» INFORMATION SUPPLIED
◆ ◆ ◆ ◆ ◆

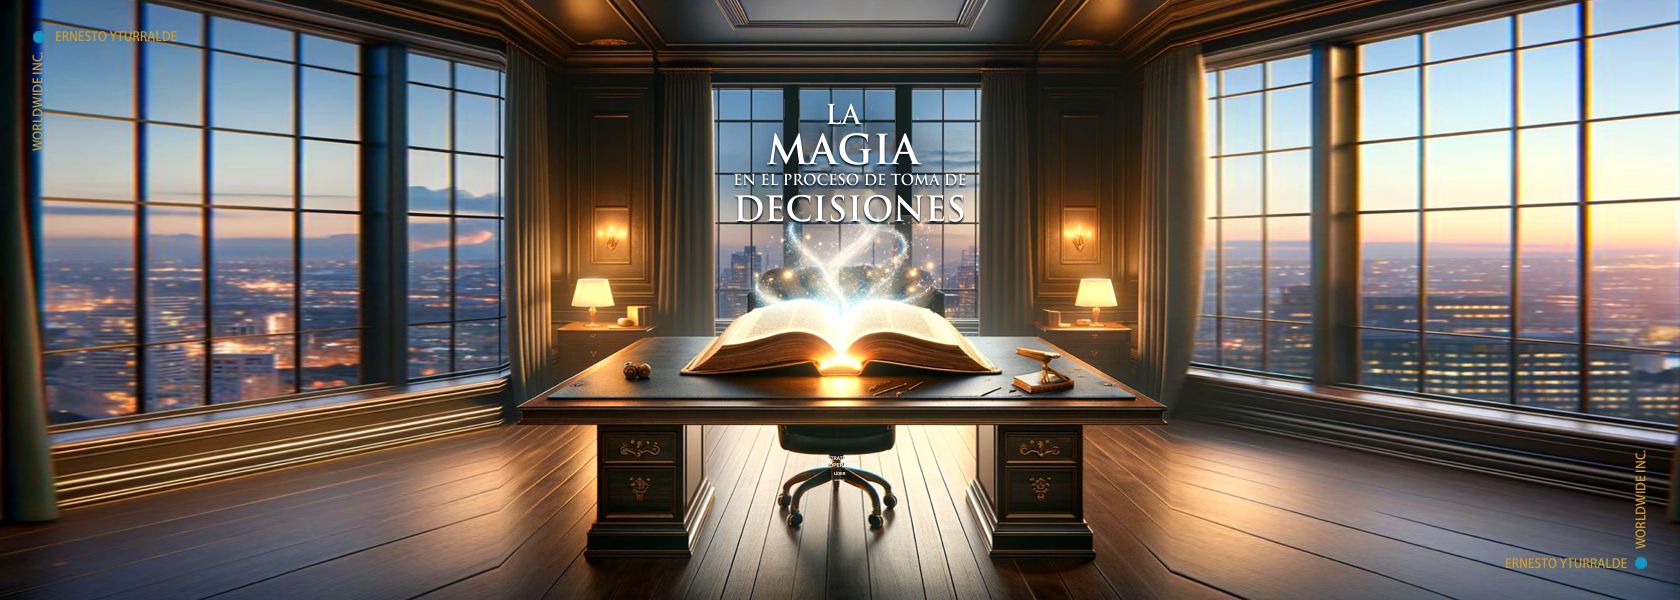 La magia en el proceso de toma de decisiones
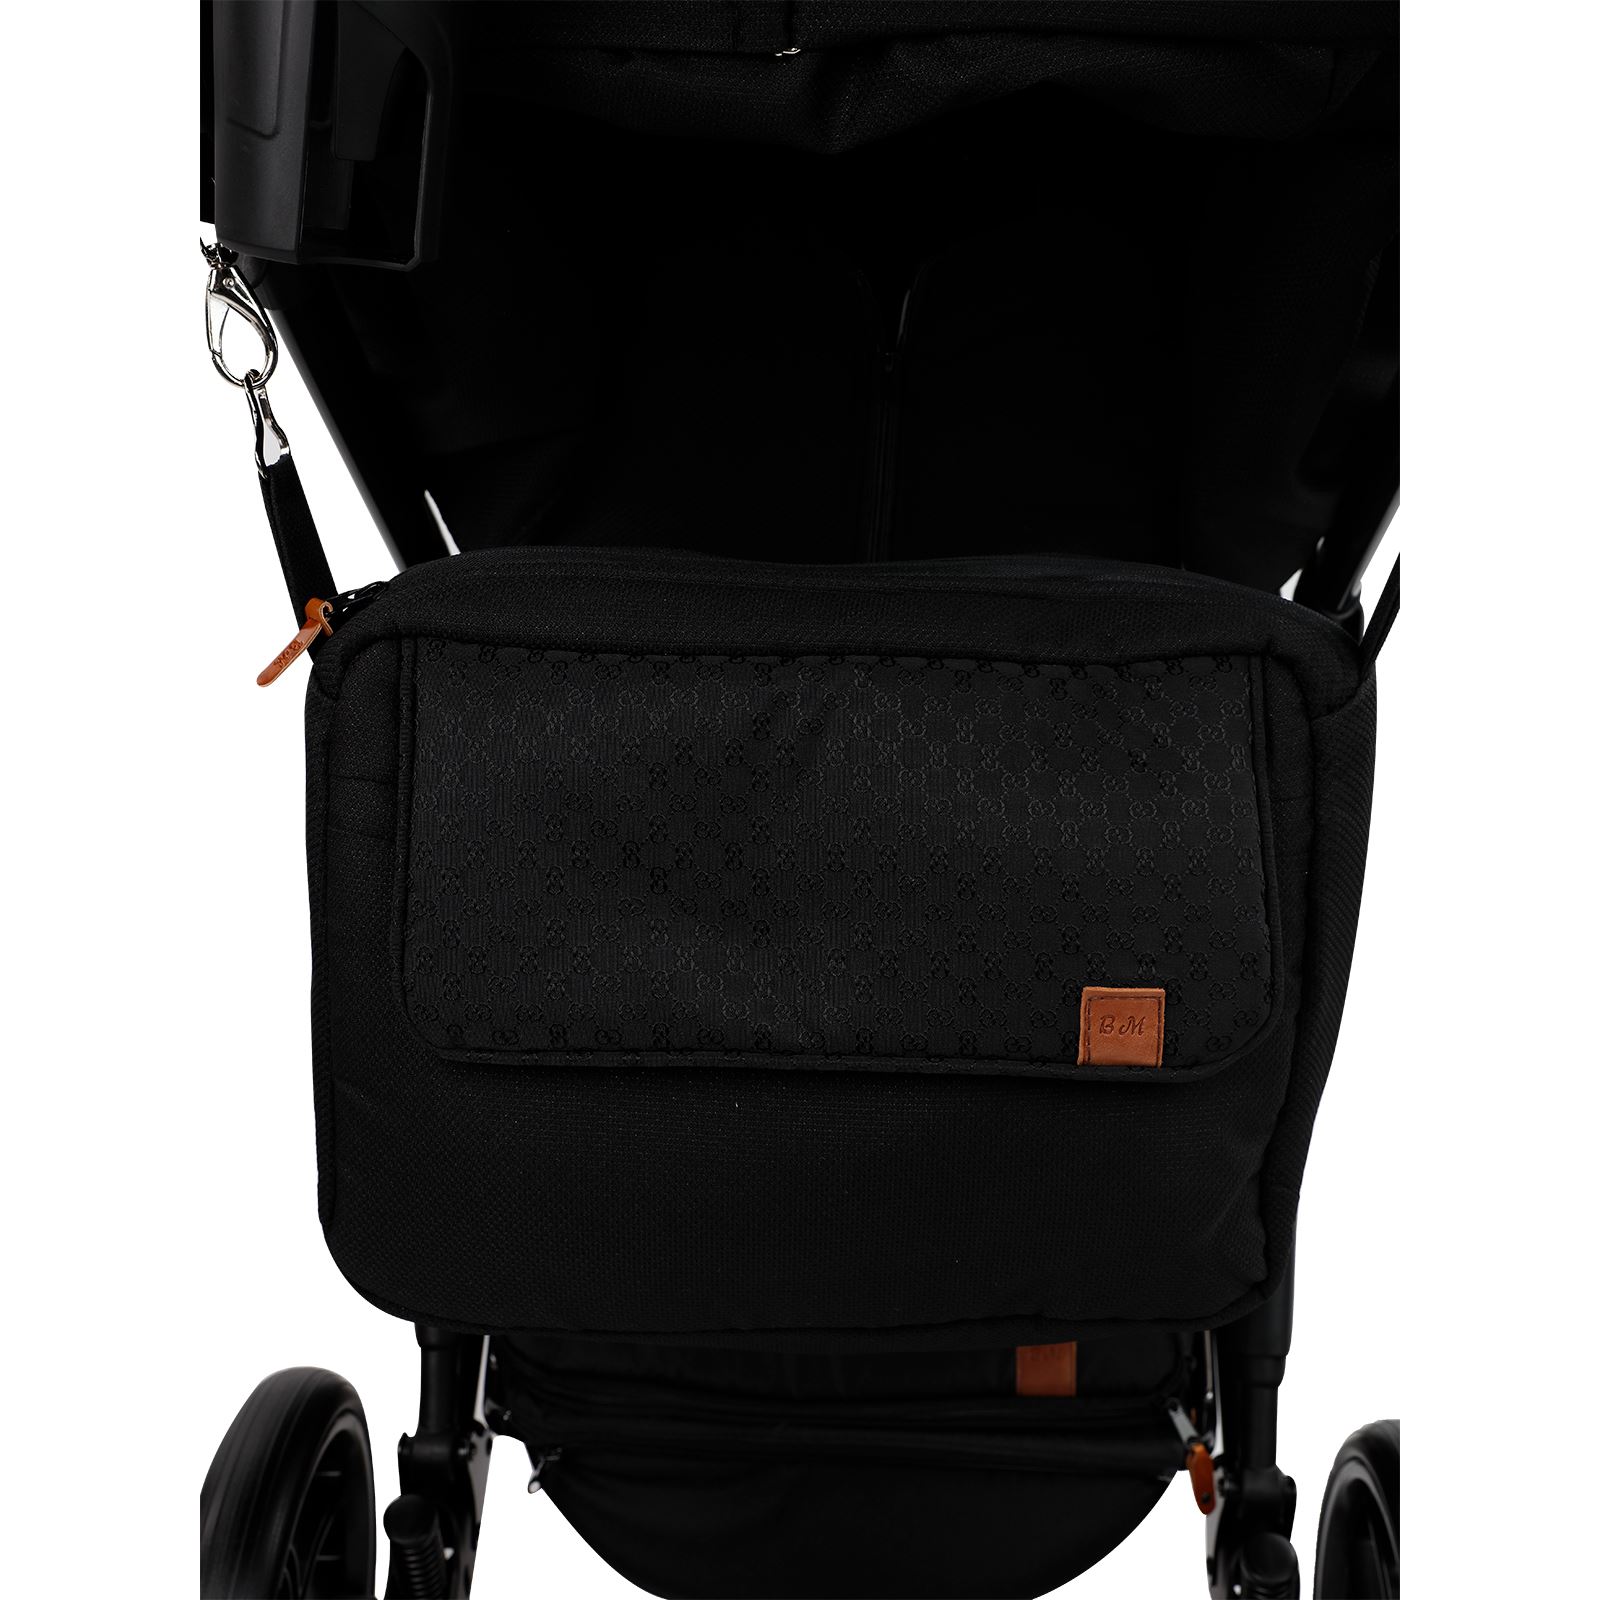 Baby Merc Travel sistem Bebek Arabası La Rosa Black Çanta Hediyeli!
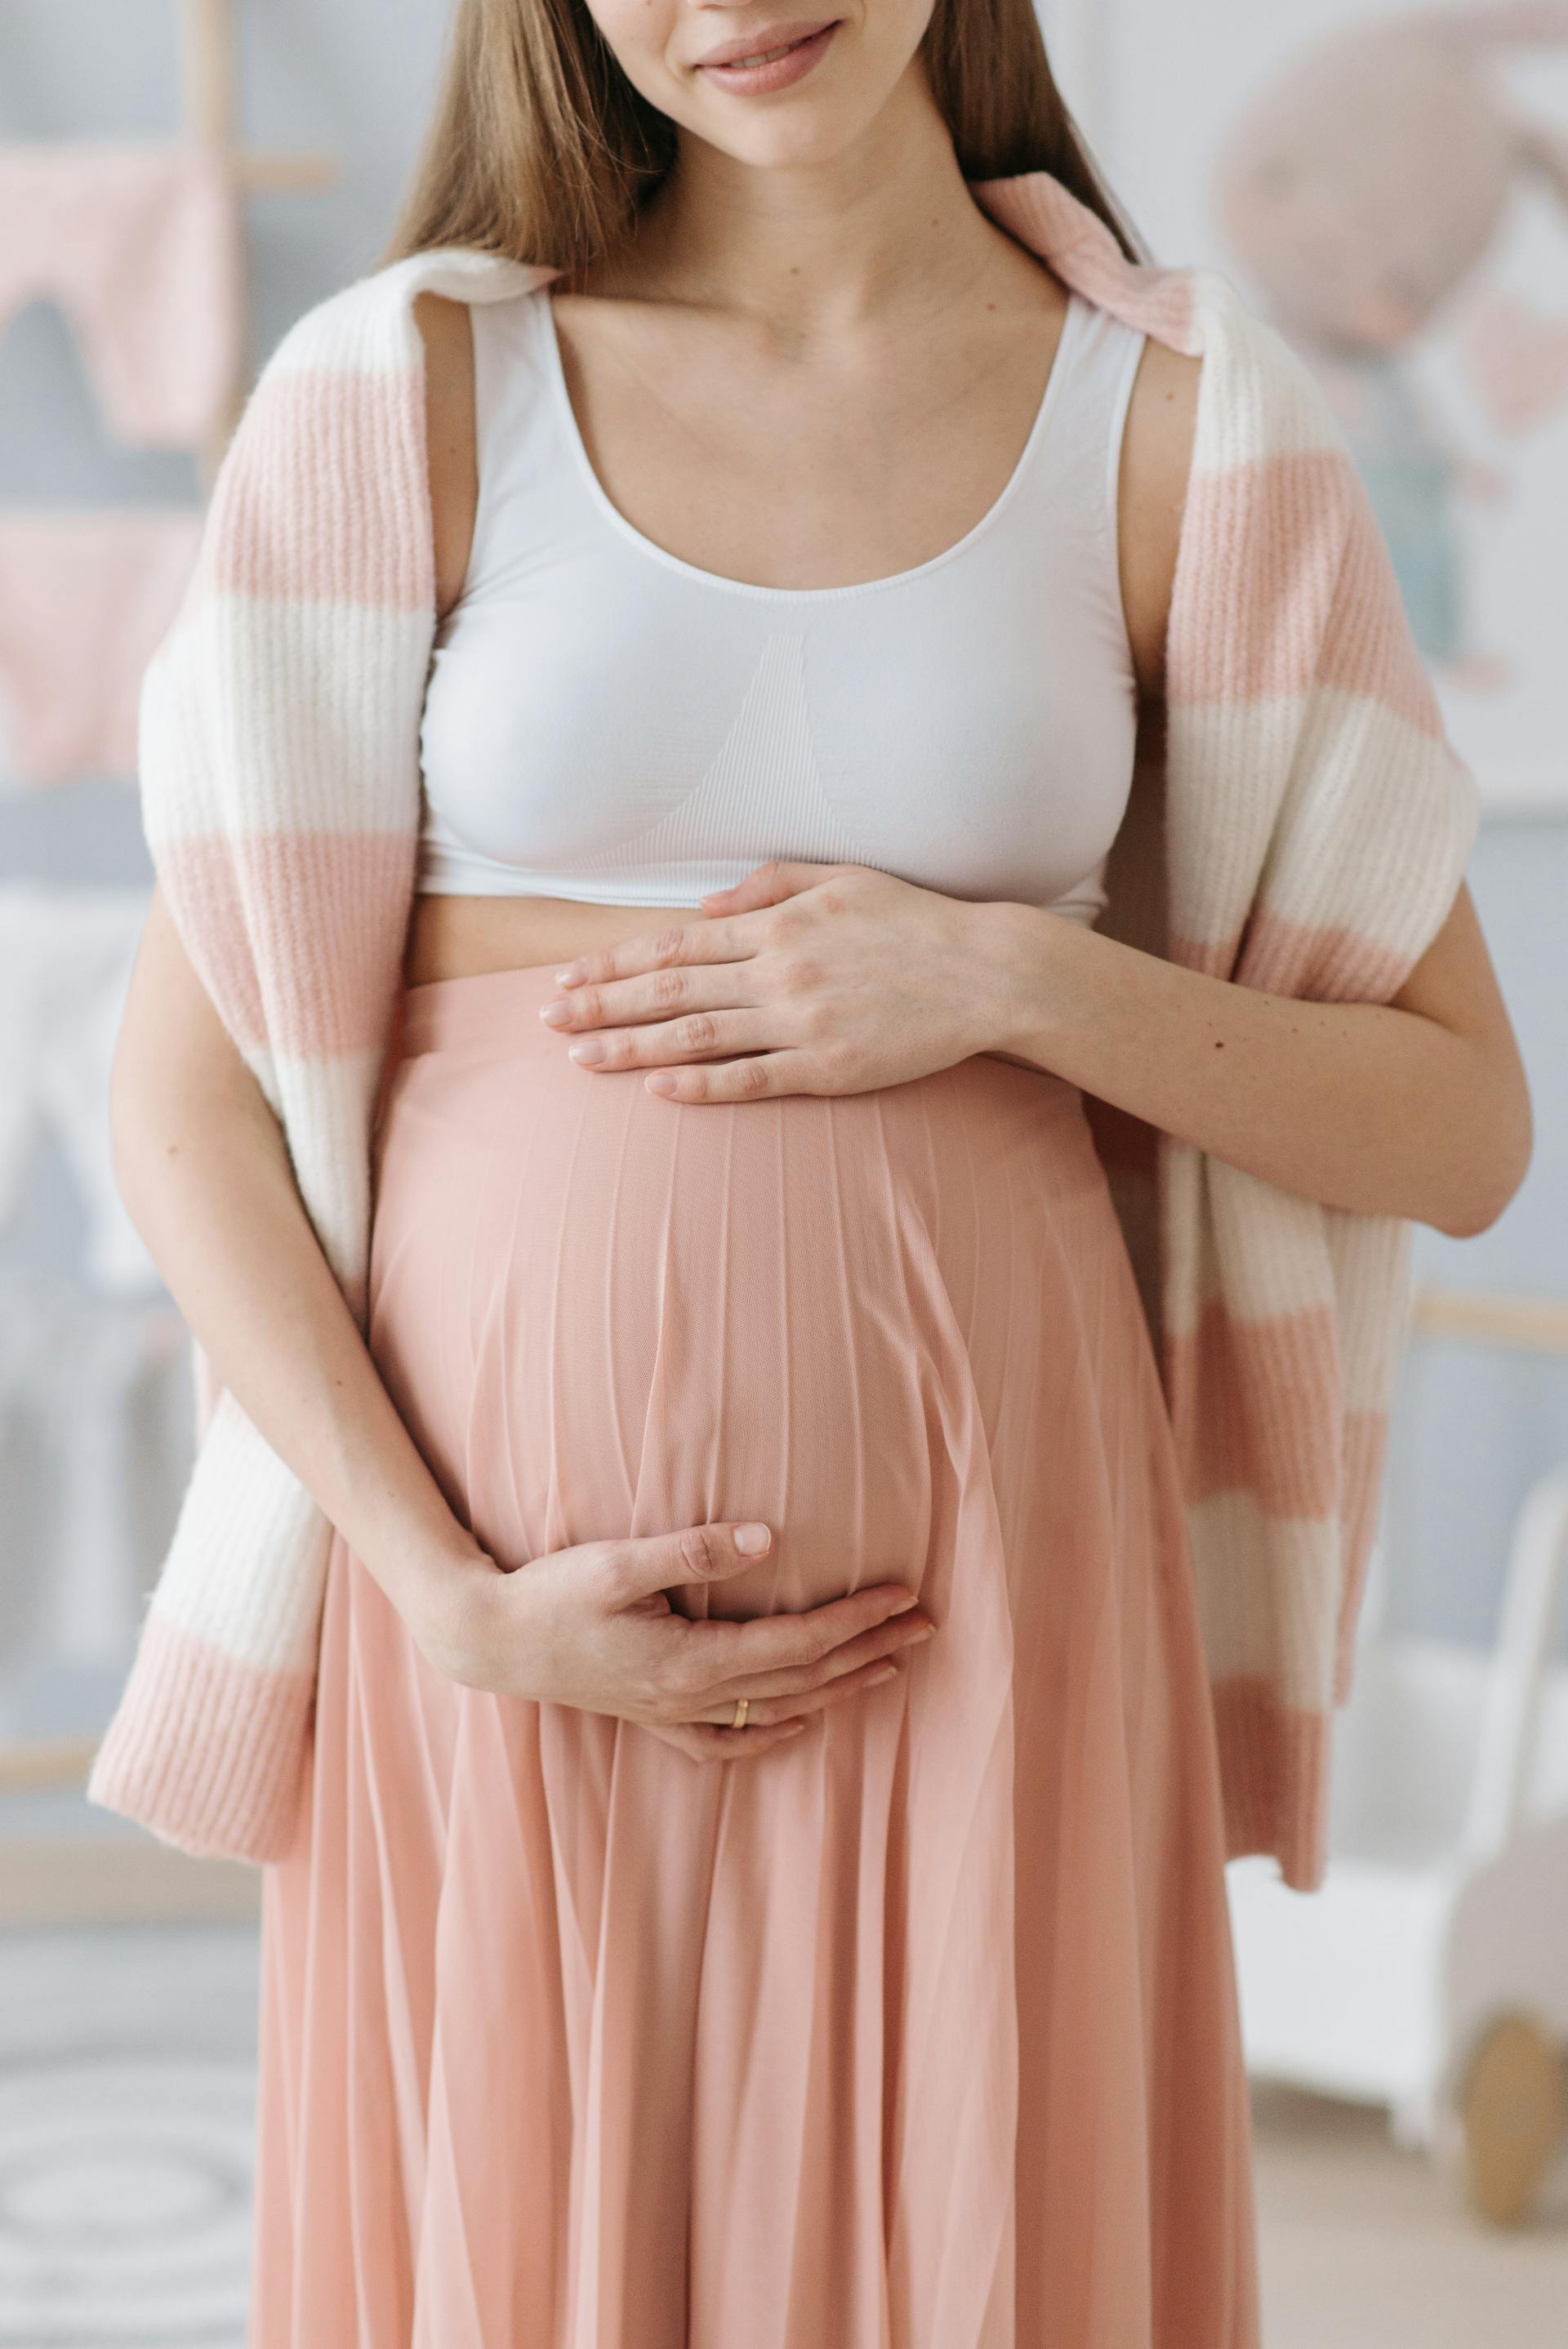 Una persona sujetando su barriga de embarazada | Fuente: Pexels

◆ ◆ ◆ ◆ ◆

Without the pictures, give every line of the data again, exactly as written.

 La magia en el proceso de toma de decisiones
 Baby Merc Travel sistem Bebek Arabası La Rosa Black Çanta Hediyeli!
 Una persona sujetando su barriga de embarazada | Fuente: Pexels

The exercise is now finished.